O Cemitério São Pedro, situado na Vila Alpina, abriga, entre muitas histórias trágicas, um caso singular. Em 1974 treze corpos foram enterrados lado a lado. Eram parte dos 179 mortos do incêndio ocorrido no dia 1 de fevereiro, no Edifício Joelma. O que diferencia estas treze almas é o fato de que, por terem sido carbonizados, não puderam ser identificadas. Grande parte dos sobreviventes, mais de quatrocentos, escaparam do prédio em chamas graças ao elevador e aos denodados ascensoristas. Mas, após diversas idas e vindas, o sistema dos elevadores foi afetado pelo incêndio, causando a ruptura dos cabos e a posterior carbonização dos seus treze ocupantes.

Fui até lá esta tarde. Encontrei o seu João. Há mais de um ano, seu João, funcionário do cemitério, faz a manutenção do local, que além dos túmulos, conta com uma capela erigida em memória das treze almas. Uma infinidade de faixas, placas de mármore e flores rodeiam os jazigos. Na maior parte, agradecimentos por graças alcançadas. “Quem não acredita, que não caçoe!”, é o que adverte uma das devotas visitantes que encontramos no local. Já alcançou uma graça, tem fé que alcançará uma outra que necessita, e fala com a naturalidade daqueles que vêem a existência das coisas inverossímeis e a certeza de nosso desconhecimento da verdade. Uma outra senhora relembra o dia, quando tinha 17 anos e, trabalhando defronte ao edifício, viu e ouviu as cenas e os gritos de terror. Lá pelas tantas, lembra ao seu João que é importante “regar” os túmulos. Explica o porquê: quem morre carbonizado sente muita sede.
Então seu João percebe como tudo faz sentido. Conta-nos que, ao tempo em que era coveiro, sepultou uma criança cujos pais não tinham dinheiro. Assim, ele por conta própria plantou umas flores e, mal passou o tempo, já lá havia um pequeno jardim sobre a cova. Mas o fato intrigante é que, pouco tempo depois do sepultamento, um menino aproximou-se dele e pediu um copo de água. Seu João deu-lho. Mas era o mesmo menino que havia sido sepultado! Quando os pais finalmente voltam para visita, surpreendem-se com o túmulo tão bem cuidado, e ao descobrirem quem foi o responsável, alegram-se e conversam. E enfim revelam ao coveiro a causa mortis do filho: fogo.
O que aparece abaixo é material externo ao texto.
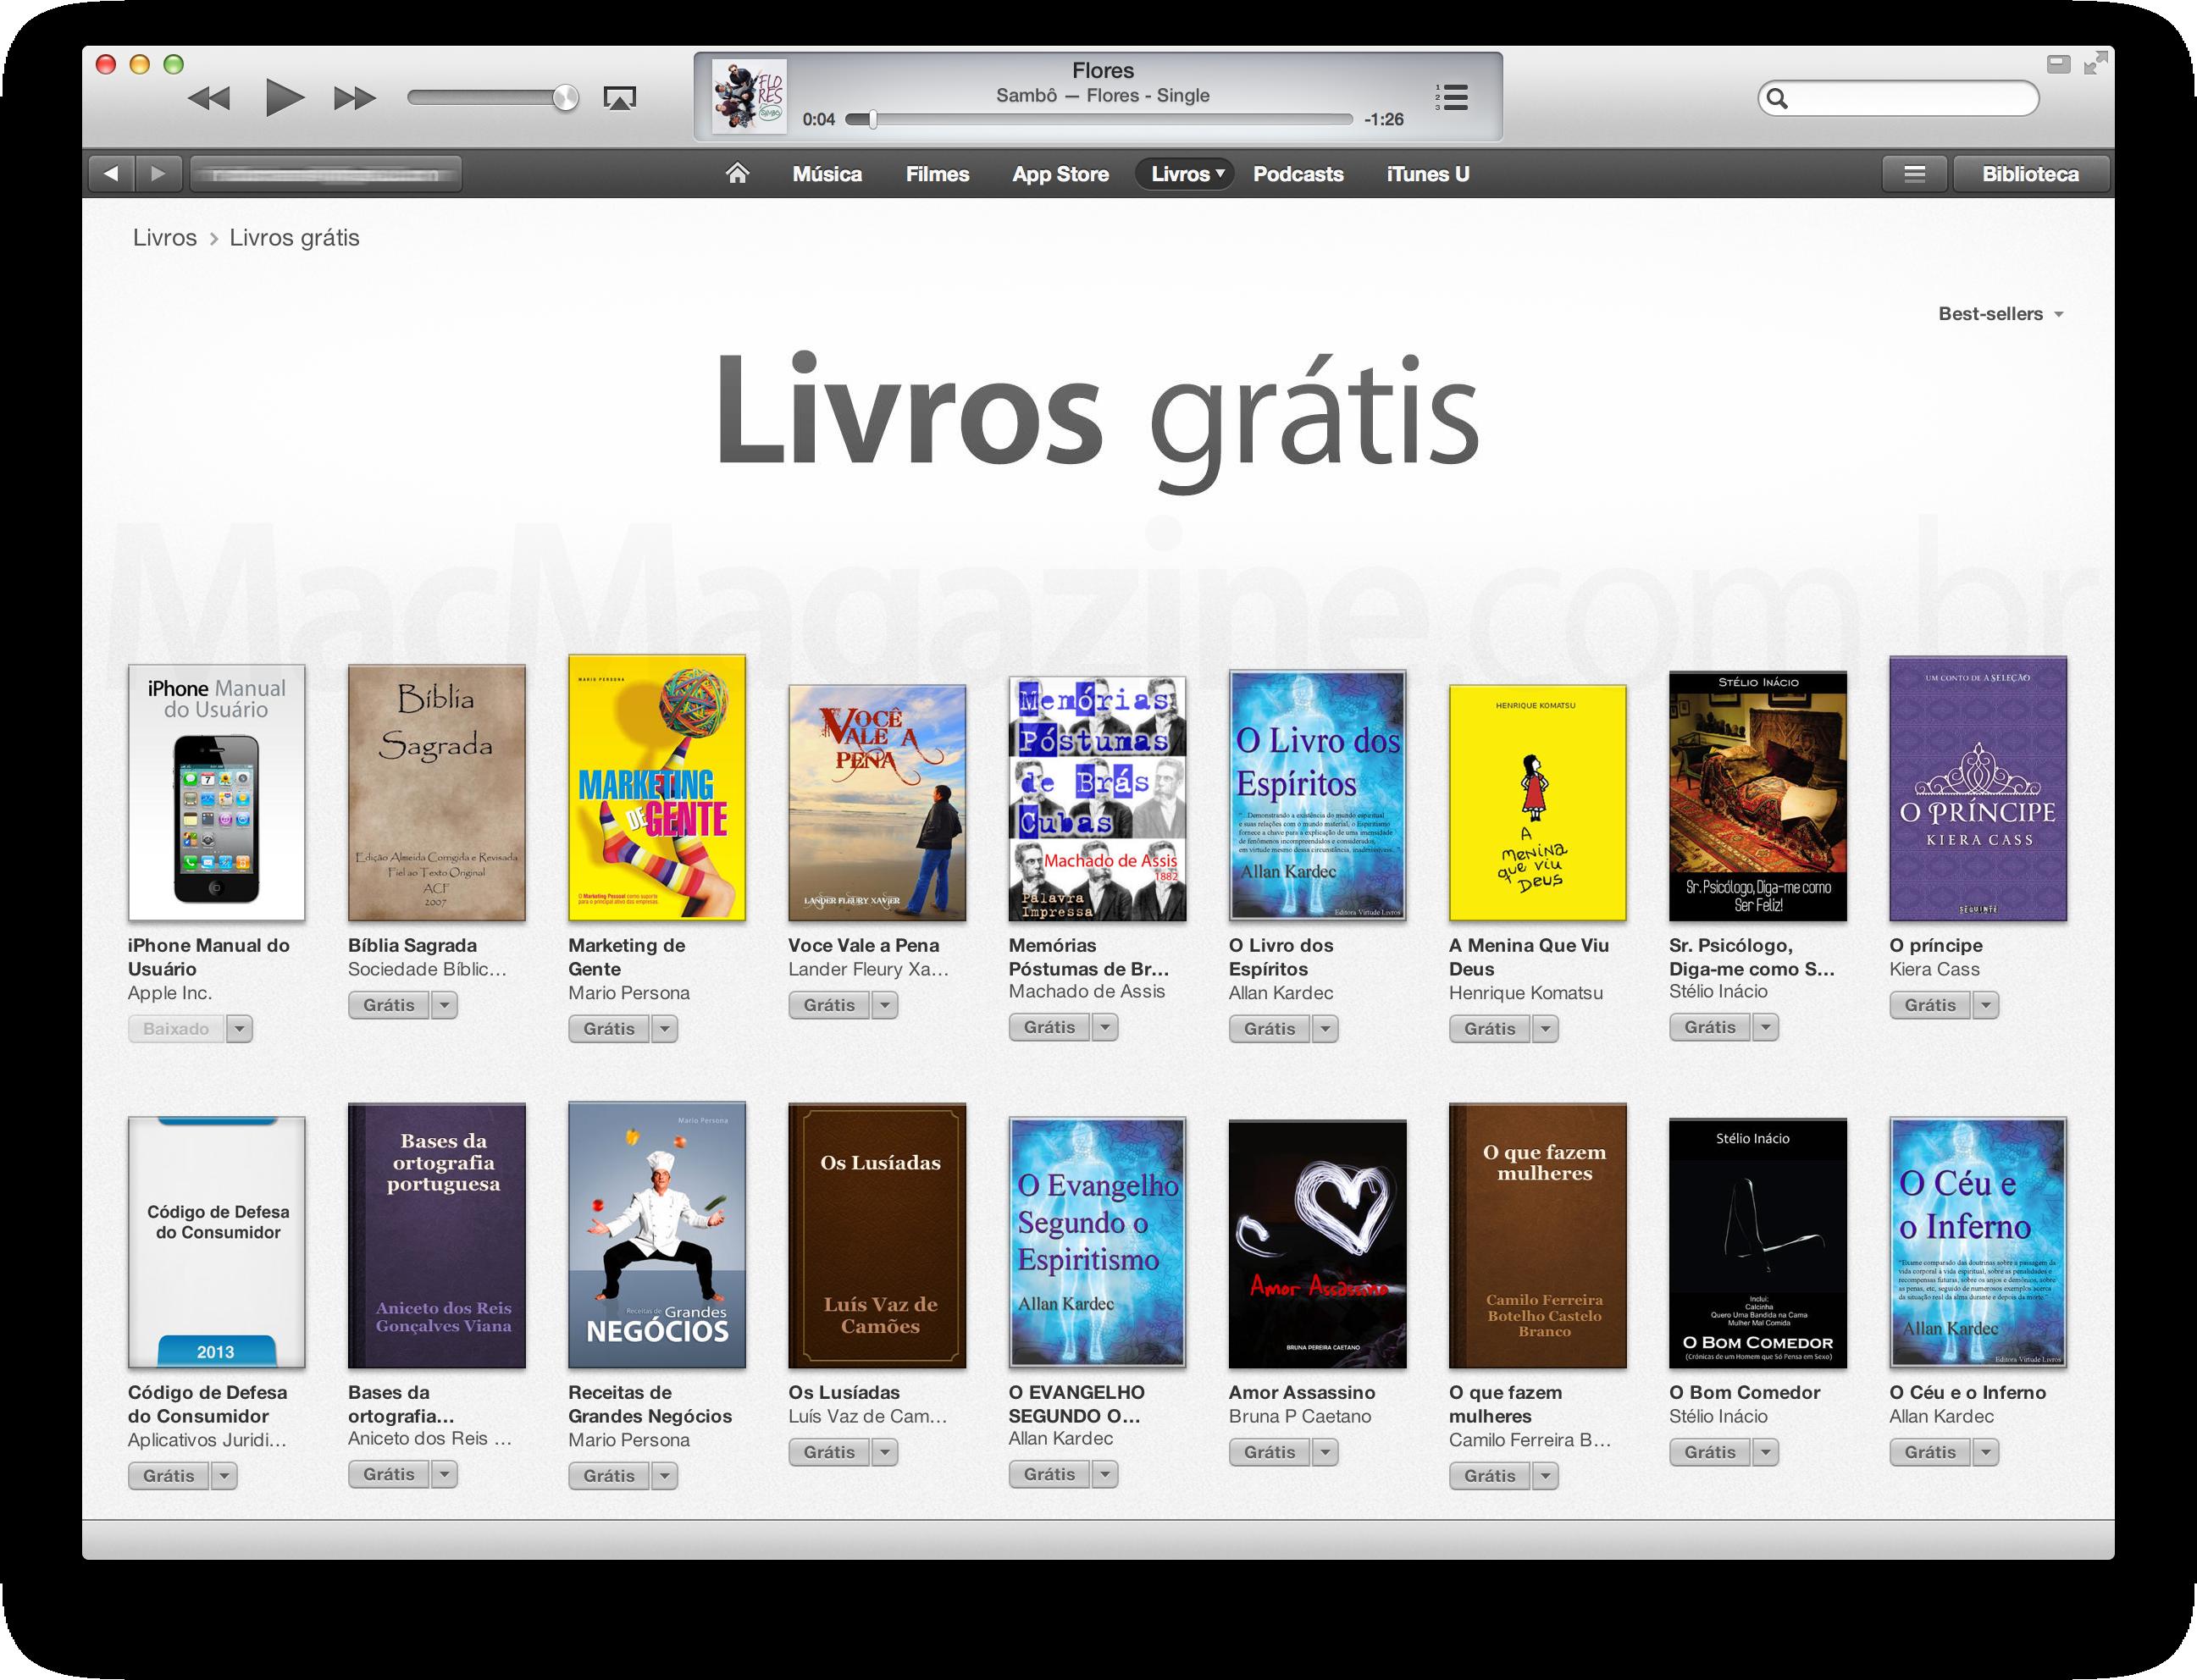 Livros grátis na iTunes Store brasileiro

Esta foi uma tarde que precisa ser refeita.

É claro que acredita quem quer. Mas há a lição de Alex Castro sobre uma de nossas prisões: que importa crer ou não crer? Boas ou más, crenças e descrenças sempre limitam as visões. E o que se colhe do contato com as histórias alheias, ou do além, é sempre a beleza da experiência humana, diversa, prodigiosa, incomum. E transcendente. Porque estas histórias estarão sempre acima das idéias e conhecimentos ordinários.